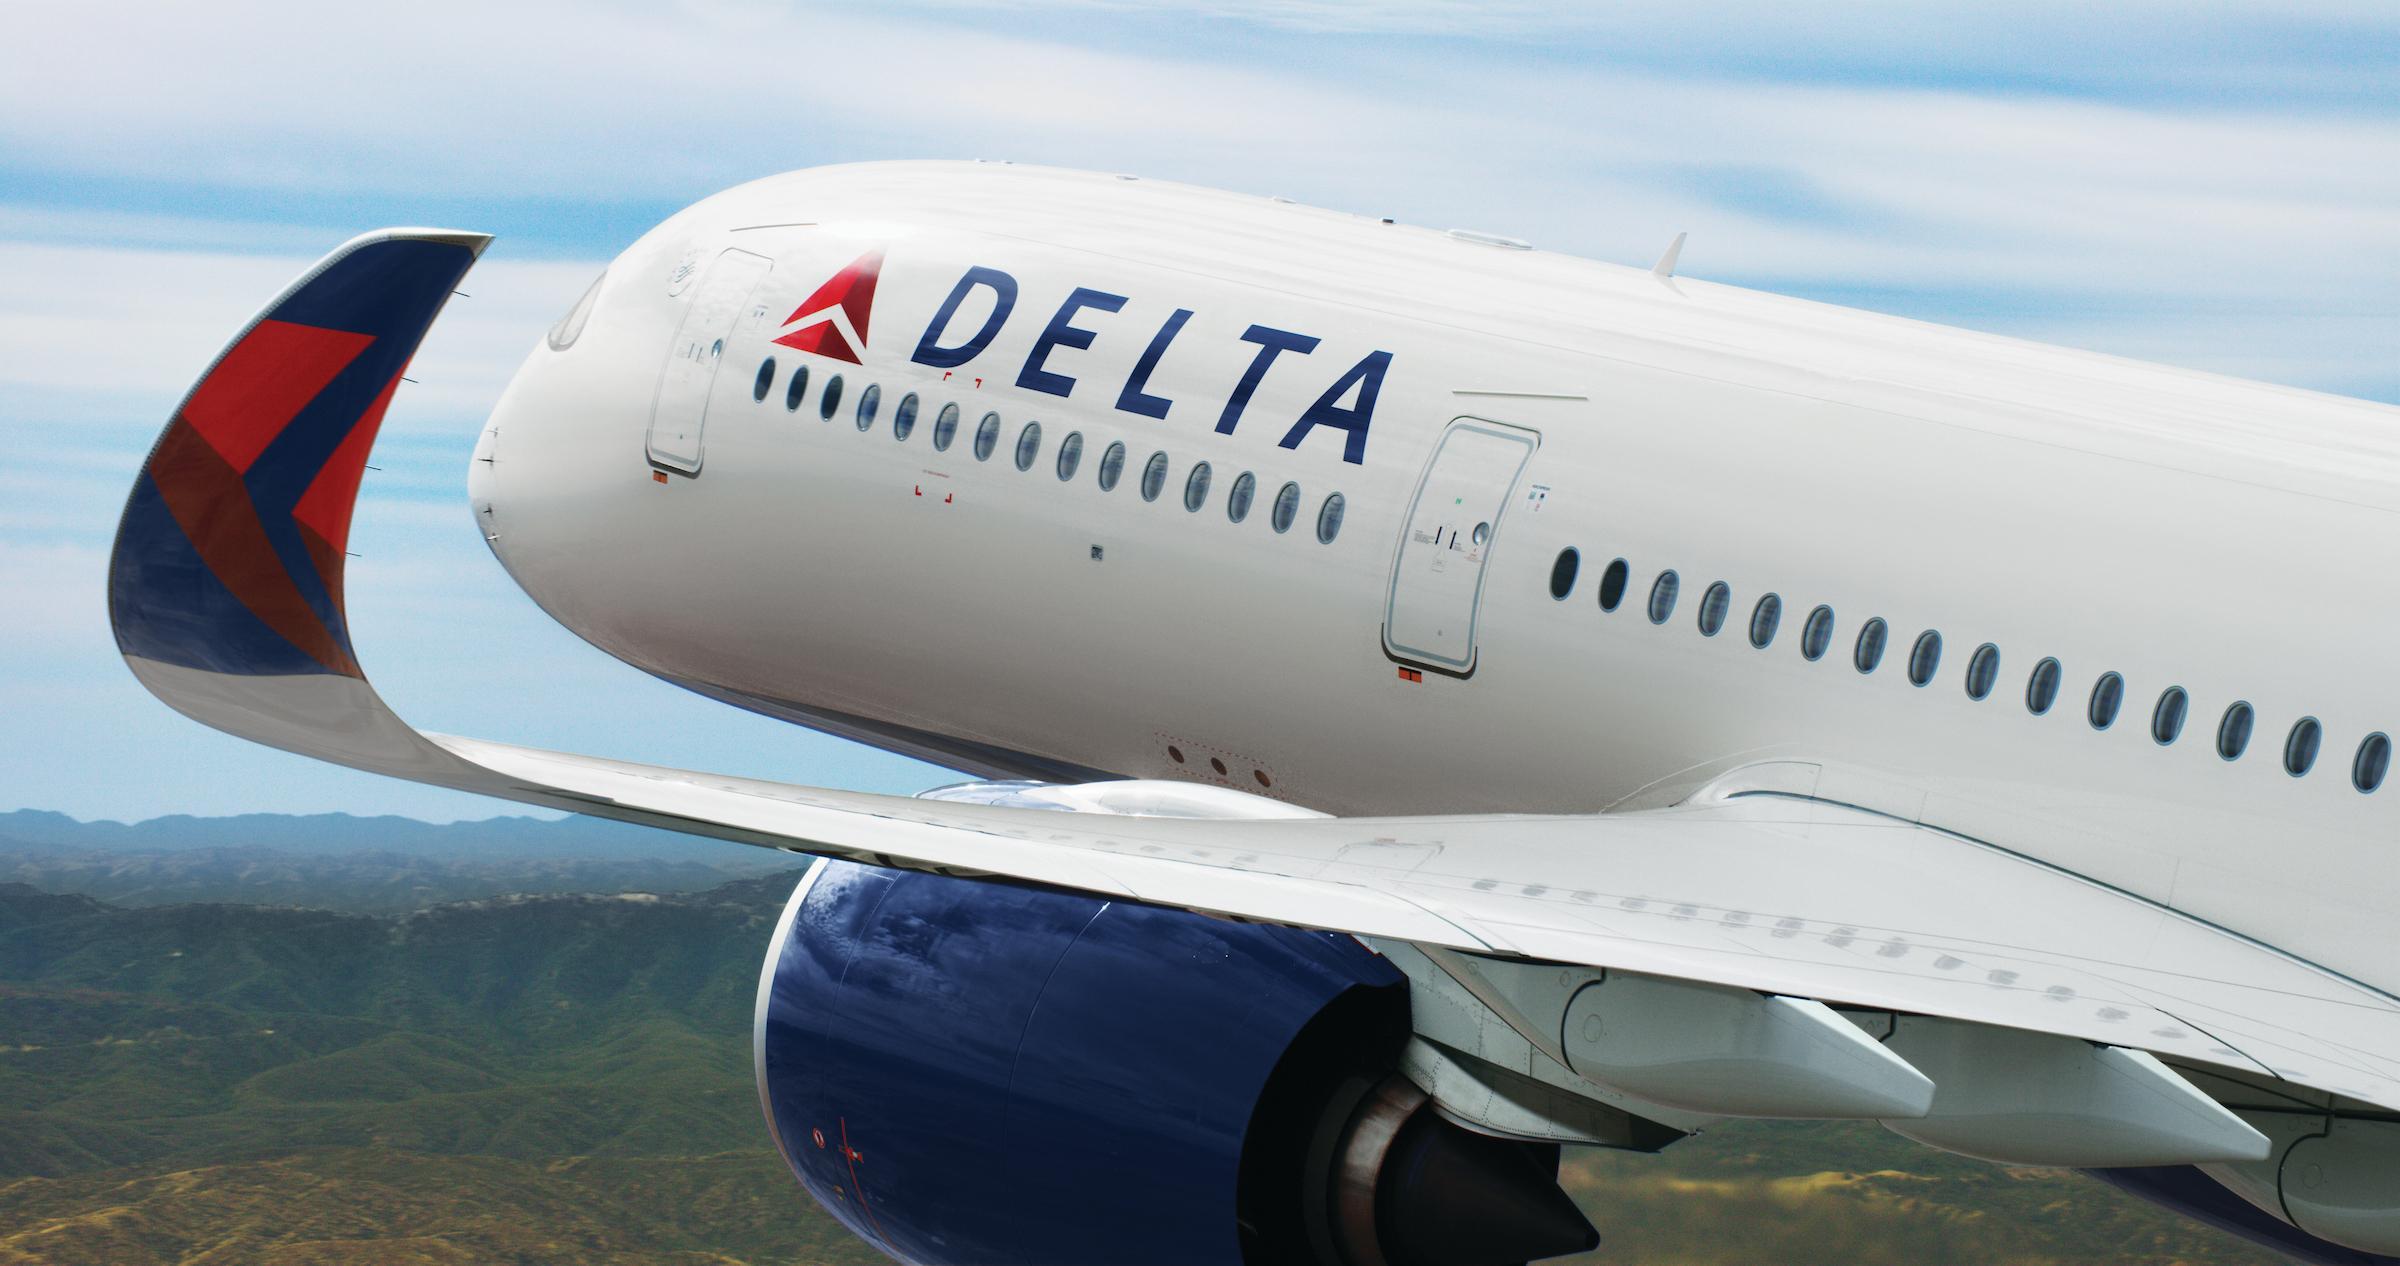 En Delta Airlines anuncia sanción de 200 dólares para empleados sin vacuna del COVID-19 imagen
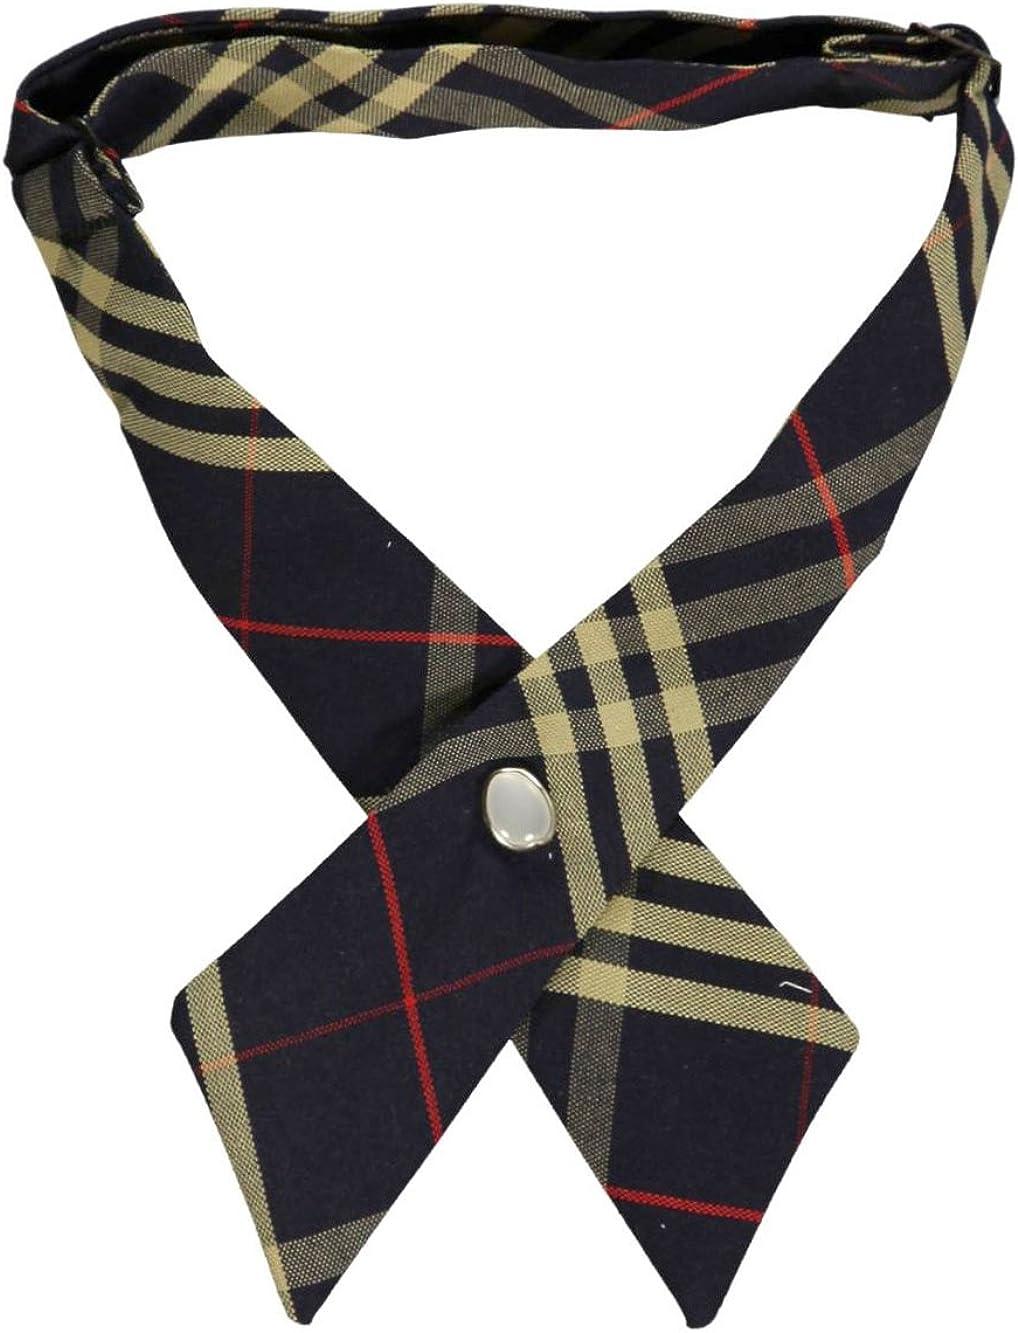 Cookies Brand Crisscross Neck Tie
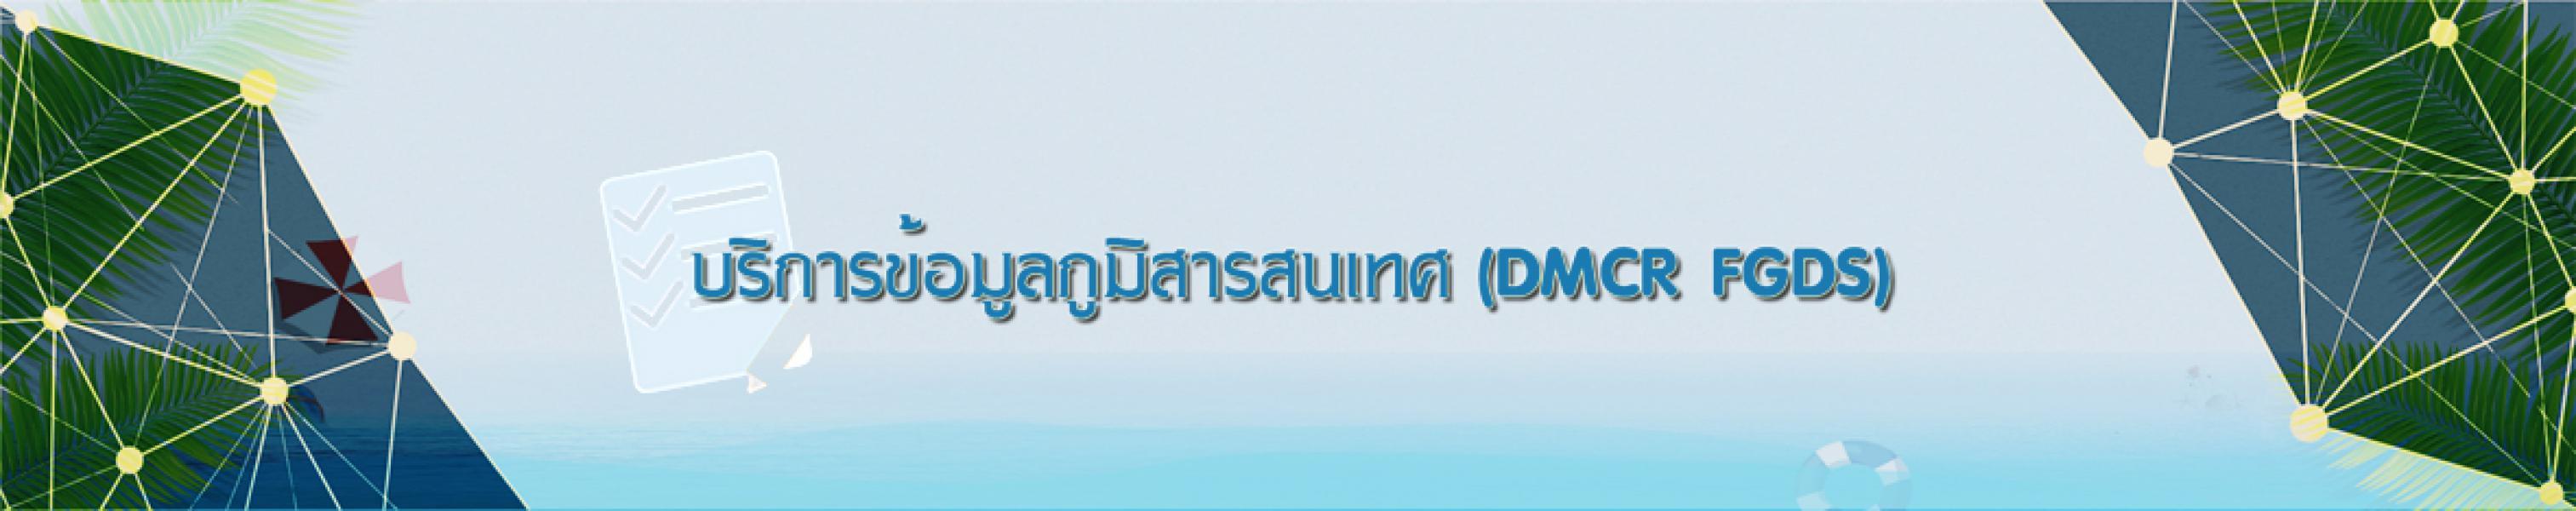 การบริการข้อมูลภูมิสารสนเทศ (DMCR FGDS)
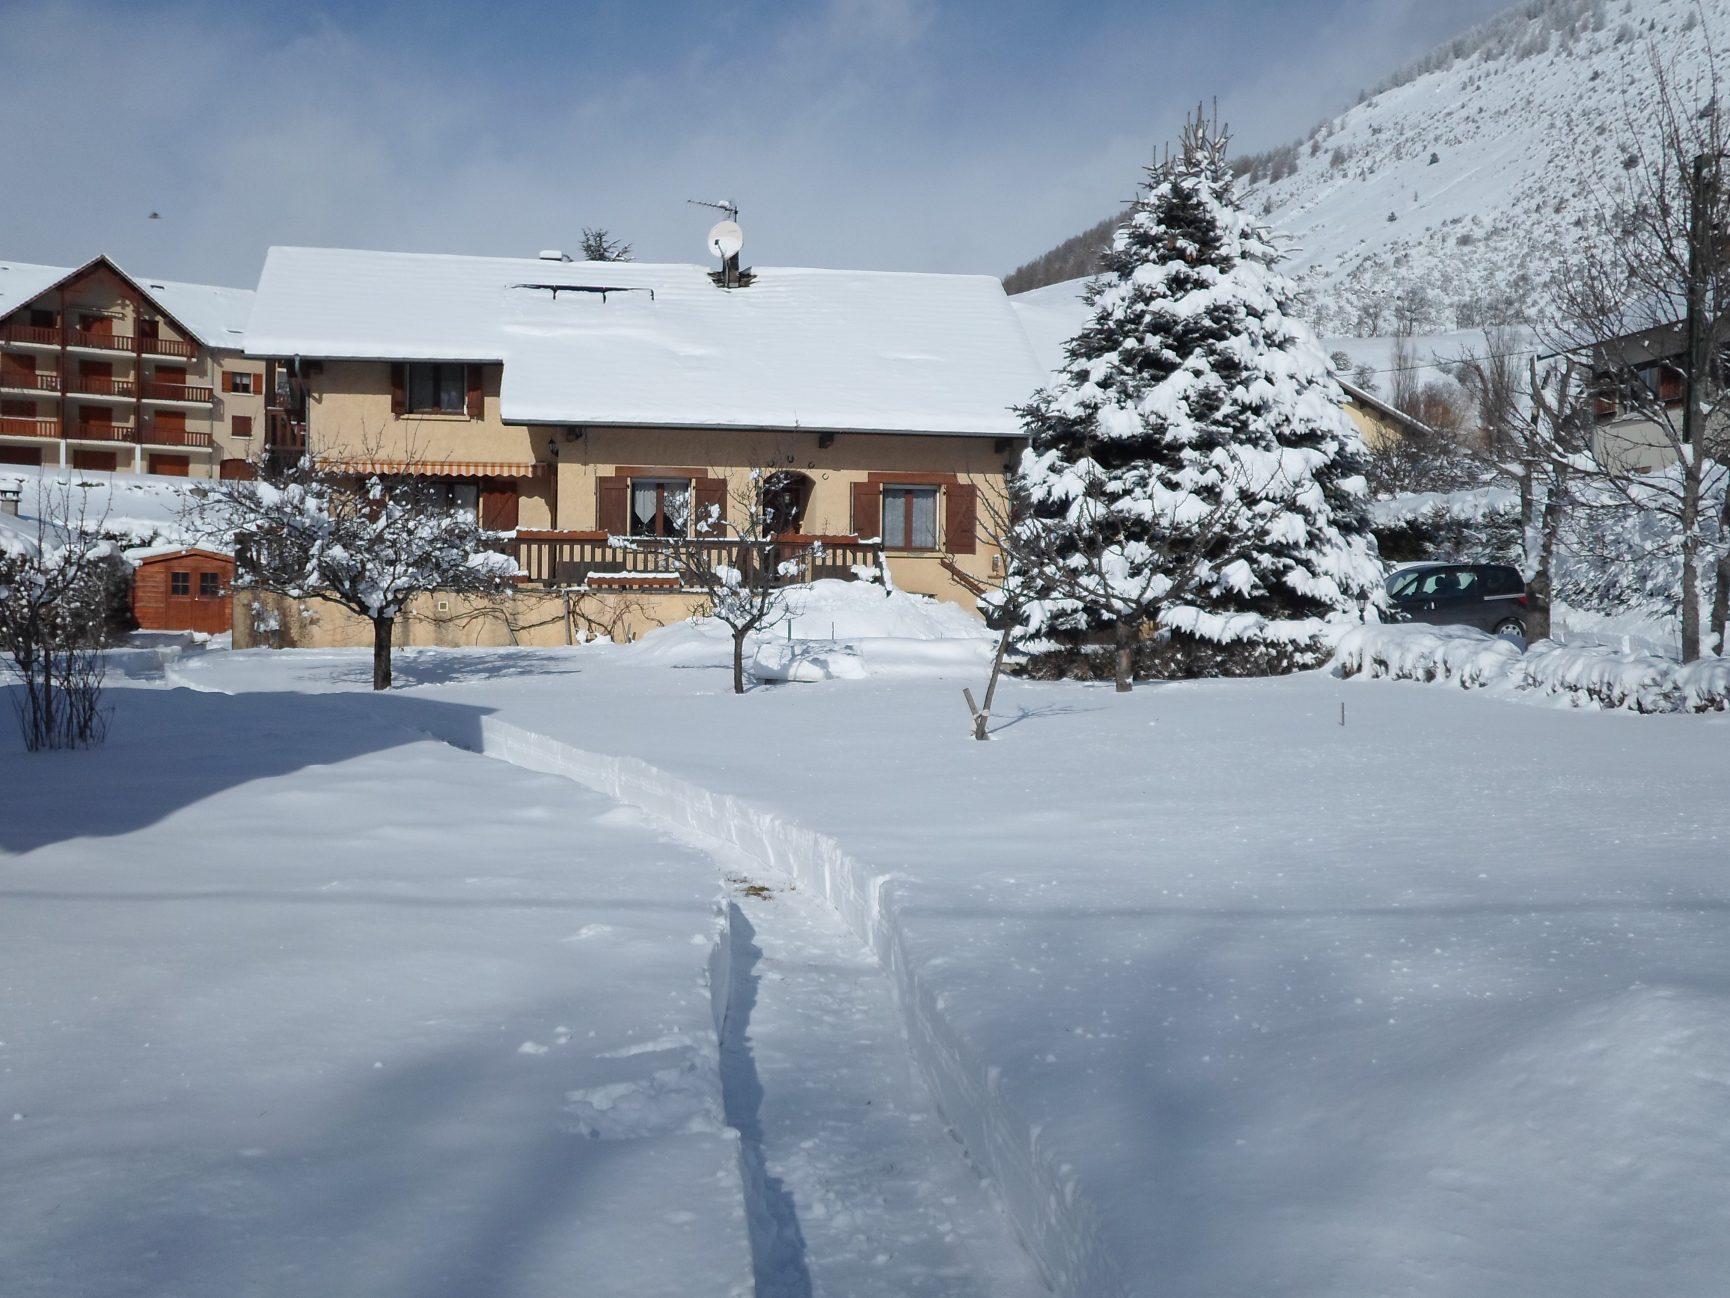 neige 30 01 2015 011

| EXERCISE OBJECTIVE |
From the line that contains "Cookies Brand Crisscross Neck Tie" to the last line of the data, print each line exactly, both ends included, and omit the pictures.

| EXERCISE RESPONSE |
 Cookies Brand Crisscross Neck Tie
 การบริการข้อมูลภูมิสารสนเทศ (DMCR FGDS)
 neige 30 01 2015 011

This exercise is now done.